Monday, March 2, 2015

Housing Bubble Redux: Subprime Auto Market Begins To Crack

"As noted last week, the aggregate amount of loans for new and used cars will in short order eclipse the $1 trillion mark, joining total student debt in full-on bubble mode. Better still, early delinquencies on auto loans are now sitting back at their 2008 highs (both for all borrowers and for subprime borrowers, with 9% of the latter now missing a payment within the first 8 months of origination). Despite this, and despite the fact that nearly a third of all auto loans in 2013 were made to subprime borrowers (the same amount we saw in 2006 at the very height of reckless underwriting standards), Experian says everything is fine. 
Meanwhile, Wells Fargo recently noted that although lending standards had indeed gotten back to “normal” (and as a reminder, “normal” now means how things were in 2006) it’s beginning to look like some households “might be overleveraged.” Simultaneously, lenders are again showing a propensity towards origination for the purpose of selling loans rather than holding them; that is, originating loans and then happily passing them on to the Wall Street securitization machine, which explains why despite a collapse in the issuance of ABS backed by home equity loans since the crisis, total ABS issuance in the U.S. hit its highest level since 2008 last year. 
These are things that Wells should know something about as they made some $30 billion in auto loans last year and indeed it now appears the bank may be getting concerned about the market it’s helped to build. As the NY Times reports: 
Wells Fargo, one of the largest subprime car lenders, is pulling back from [subprime auto lending], a move that is being felt throughout the broader auto industry…

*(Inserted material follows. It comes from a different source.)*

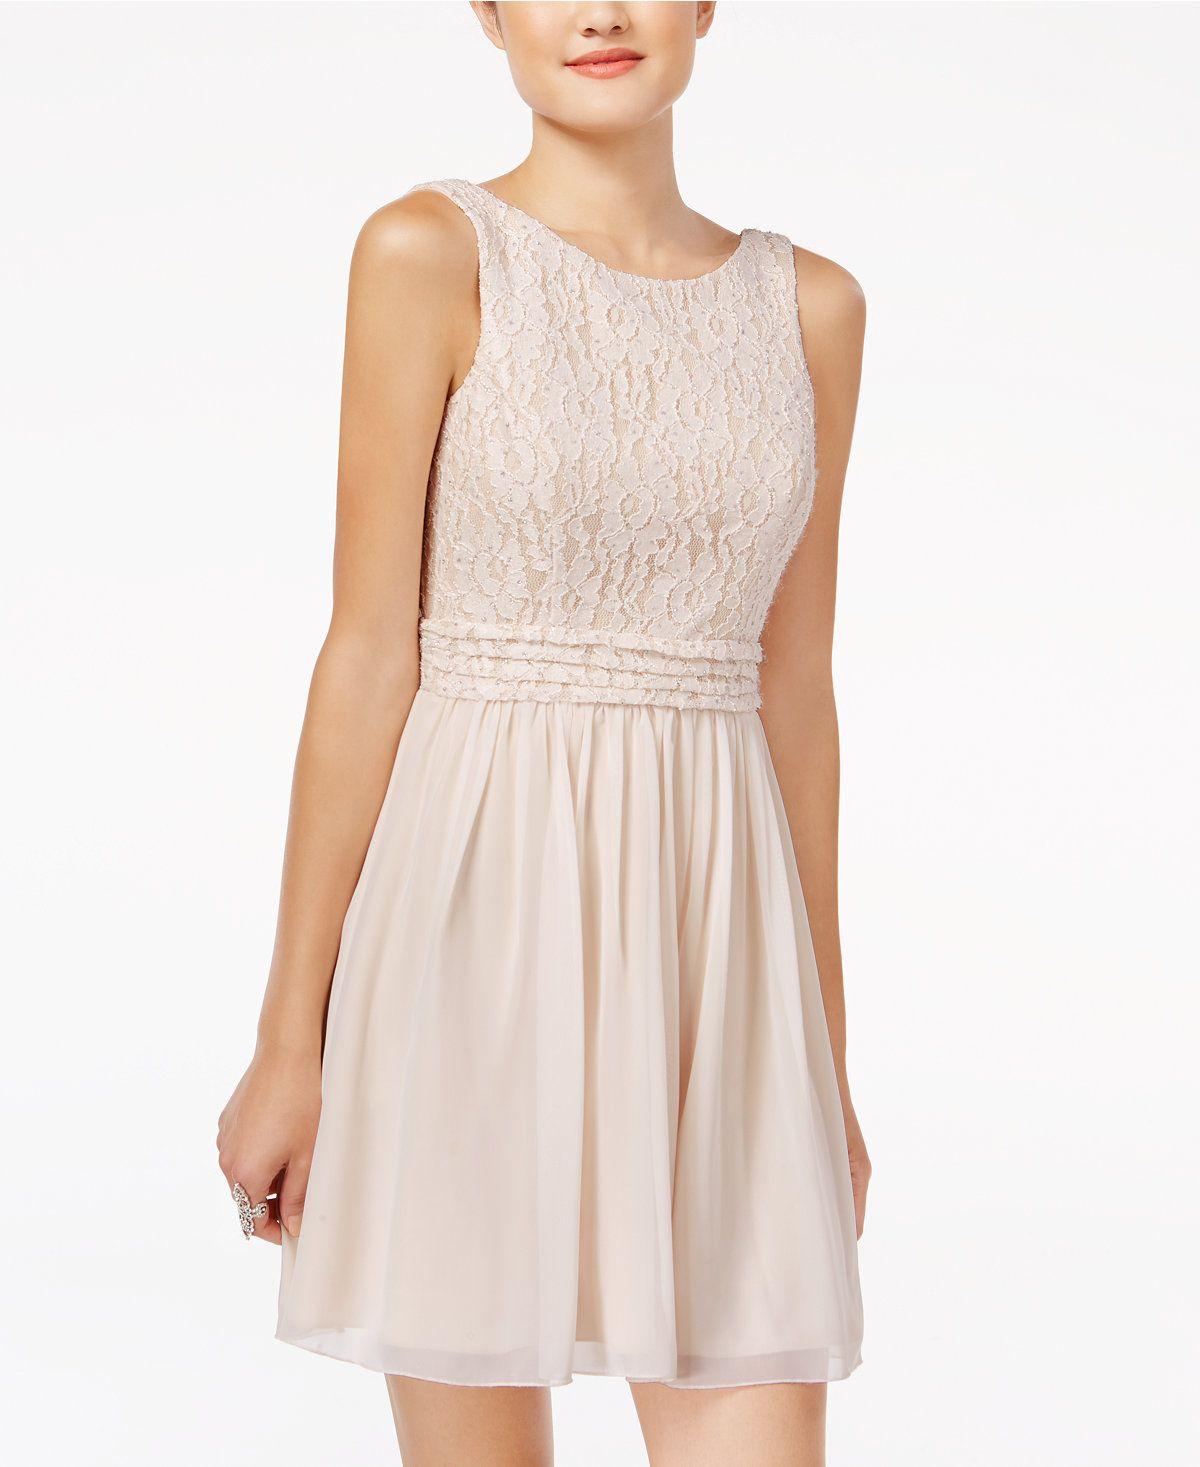 bbc0c238d83 Speechless Juniors  Glitter Lace Party Dress A Macy s Exclusive - Juniors  Dresses - Macy s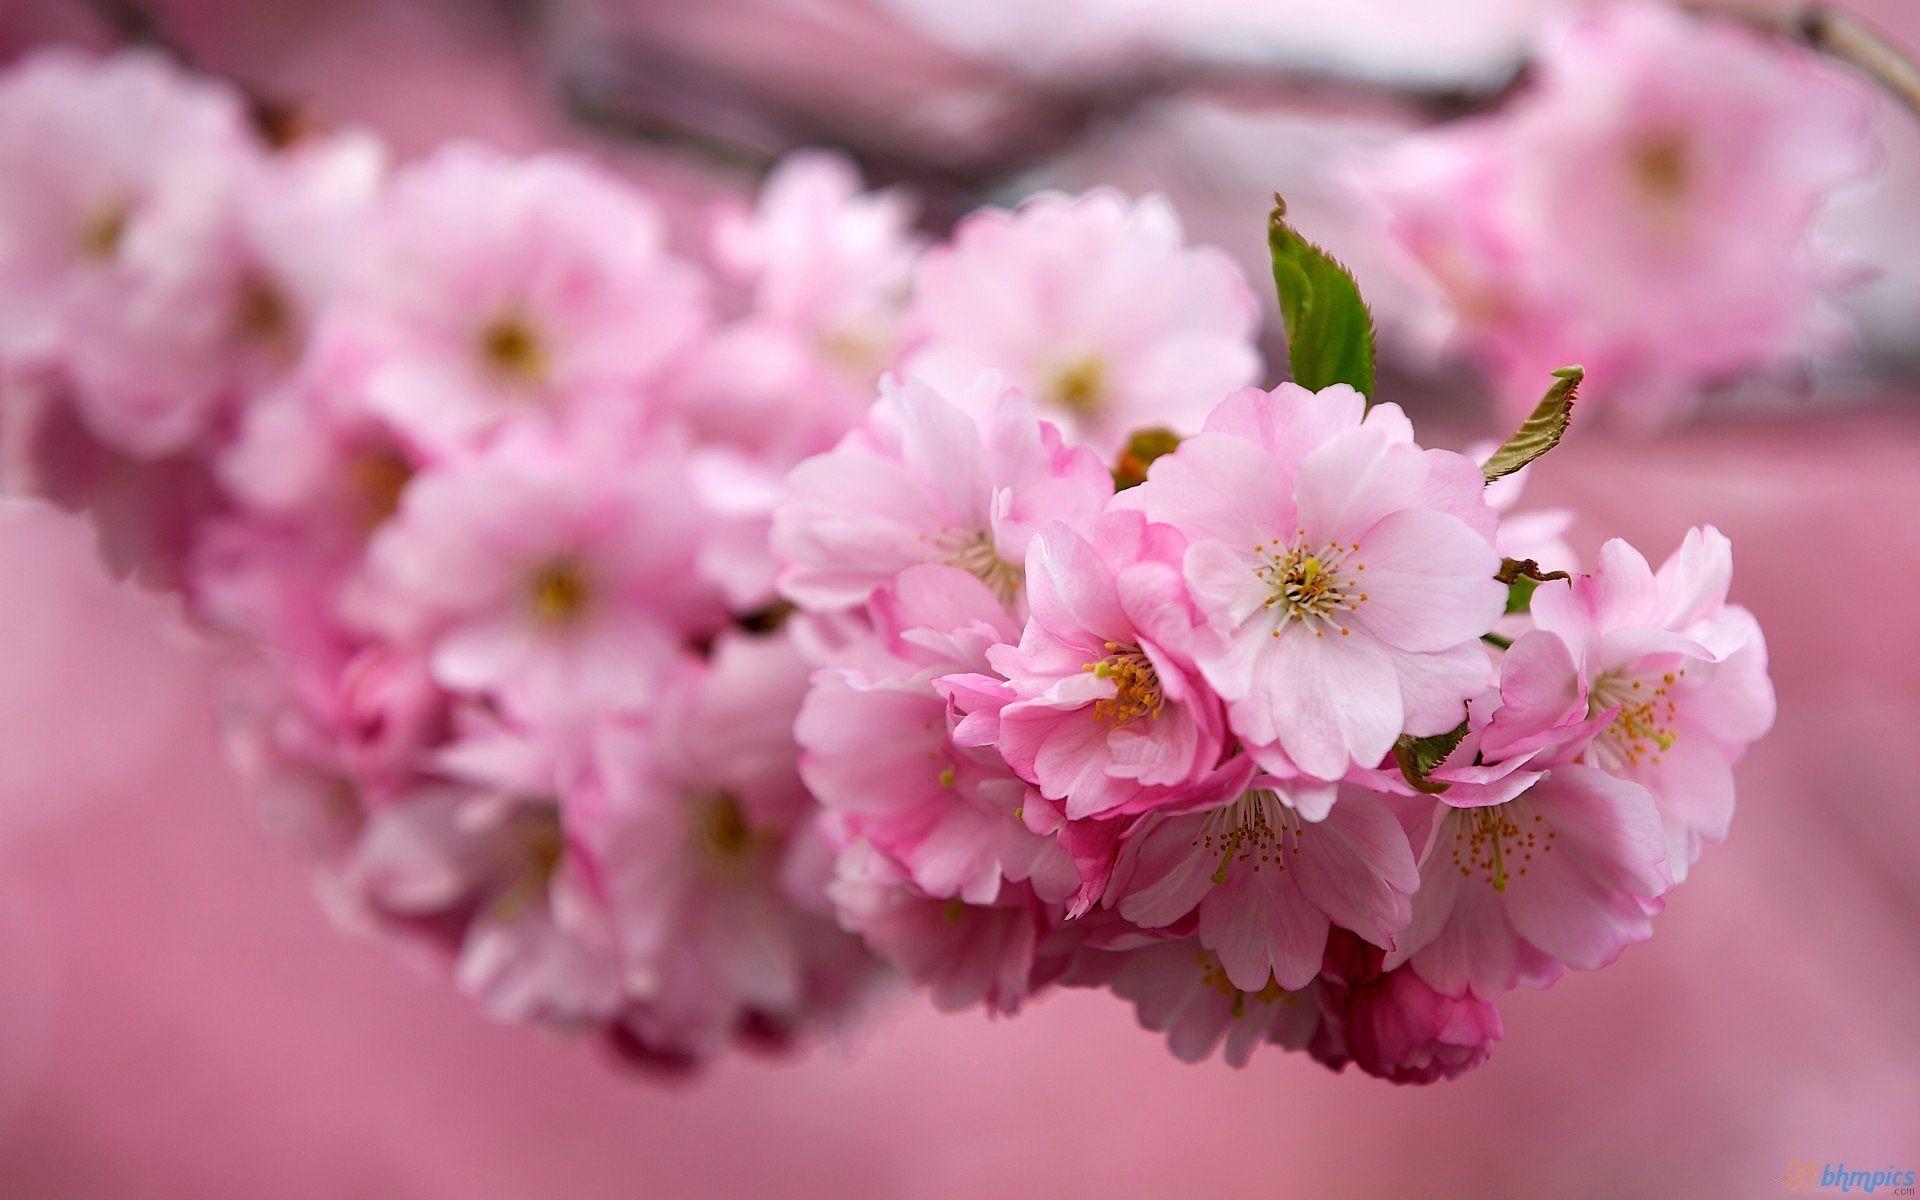 Sakura flower background Japanese images download

Wells Fargo has imposed a cap for the first time on the amount of loans it will extend to subprime borrowers.
The bank is limiting the dollar volume of its subprime auto originations to 10 percent of its overall auto loan originations, which last year totaled $29.9 billion, bank executives said.
The decision, detailed in interviews with top Wells Fargo executives, along with other large auto lenders, is a sobering moment for the booming market. Other lenders may decide to take their cue from Wells Fargo, one of the nation’s largest lenders.
The Times’ description of industry dynamics could easily be mistaken for a recap of the buildup to the housing bust, as investors chase returns, Wall Street chases fees, banks ease lending standards to increase volumes, and borrowers who are jobless (which must mean they aren’t experienced waiters) throw every semblance of prudence out the window:..."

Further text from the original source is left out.